# Work to complete:
Using the records below, write out again exactly the lines that begin at the line containing "How are you" and end at the line containing "#worldsleepday2023 #worldsleepday😴 #sleeptips", and no other lines.

# Record extracts:
◆ ◆ ◆ ◆ ◆ ◆ ◆
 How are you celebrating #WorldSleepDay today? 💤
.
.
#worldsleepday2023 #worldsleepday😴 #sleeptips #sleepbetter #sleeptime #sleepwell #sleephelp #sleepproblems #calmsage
◆ ◆ ◆ ◆ ◆ ◆ ◆
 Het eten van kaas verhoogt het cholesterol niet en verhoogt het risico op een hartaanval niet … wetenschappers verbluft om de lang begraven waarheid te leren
◆ ◆ ◆ ◆ ◆ ◆ ◆
# Answer to this problem:
 How are you celebrating #WorldSleepDay today? 💤
.
.
#worldsleepday2023 #worldsleepday😴 #sleeptips #sleepbetter #sleeptime #sleepwell #sleephelp #sleepproblems #calmsage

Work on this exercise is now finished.